The areas planned for the highest densities are basically limited to certain principle areas, including the sites in proximity to the planned multimodal transit hub facility and also those sites a the center of the Entertainment District.  The "Base Densities" referenced in the plans show what the existing GLUP designations contemplate for density, and are shown on the Base Density Map.  The plan models a 61% increase in density for Crystal City over the life of the plan, but rather than calling out specific densities caps for specific sites, density under the Crystal City Sector Plan will be controlled by bulk restrictions, shown on plans for height, setbacks, bulk angles, tower coverage, massing, etc.  Land use is set forth on the plan's new Land Use Map, and required on-street retail space is shown on the Retail Frontage Map.

Of particular interest in the plan is the "...addition of a dedicated surface transit-way to Crystal City's existing [transit] system...," that will include a streetcar or trolley system.  The recommended alignment for this system is shown here, as well as a new eastern entrance to the Crystal City Metro Station.  A multi-modal transfer hub facility (shown here) is planned to connect metro, VRE, bus and trolley systems at the location of the existing entrance to the Crystal City Metro Station.

One of the most unique things about Crystal City has always been the Crystal City Underground which connects a lot of Crystal City for pedestrians via a network of tunnels, underground and interior  spaces.   While the plan guides how retail, pedestrian systems and planned open space will make use of these existing features, most of the Underground is contemplated as remaining in place.

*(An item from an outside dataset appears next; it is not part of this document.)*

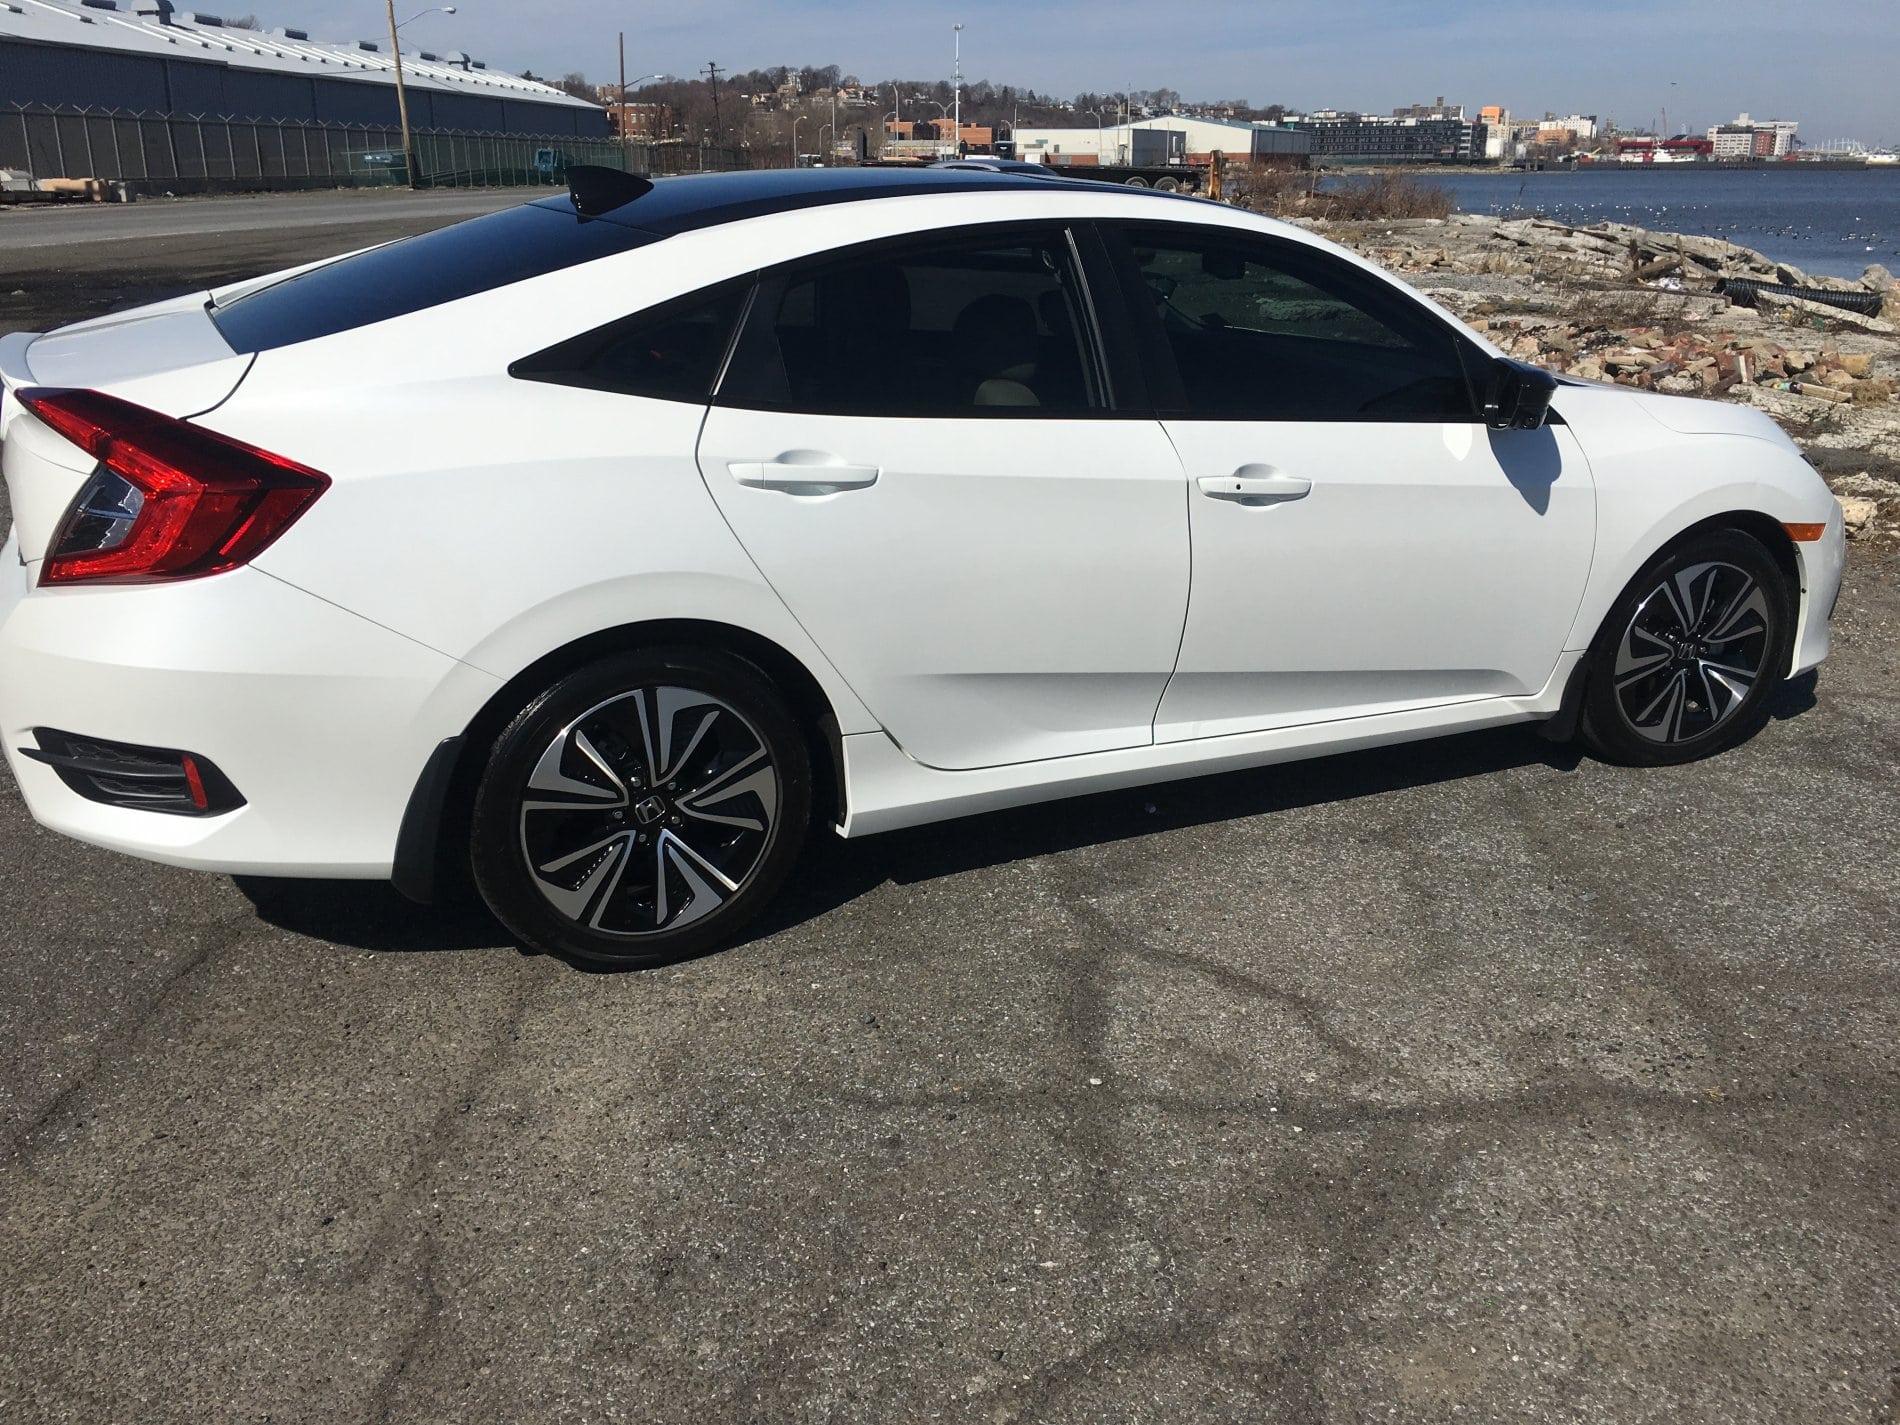 Honda Civic 10 Backgrounds

The Crystal City Sector is also going to be one of the proving grounds for Arlington's currently developing Community Energy Plan, with carbon reduction and sustainability as some of the major plan objectives, as well as incorporating the proposed streetcar/trolley system's energy needs in Crystal City's district energy plans.

All said, it is a fairly extensive and unique plan, and I don't think a simple blog posting can do it justice.  For those of you that want all the details, here's a link to the entire proposed plan and the staff report for the September hearing.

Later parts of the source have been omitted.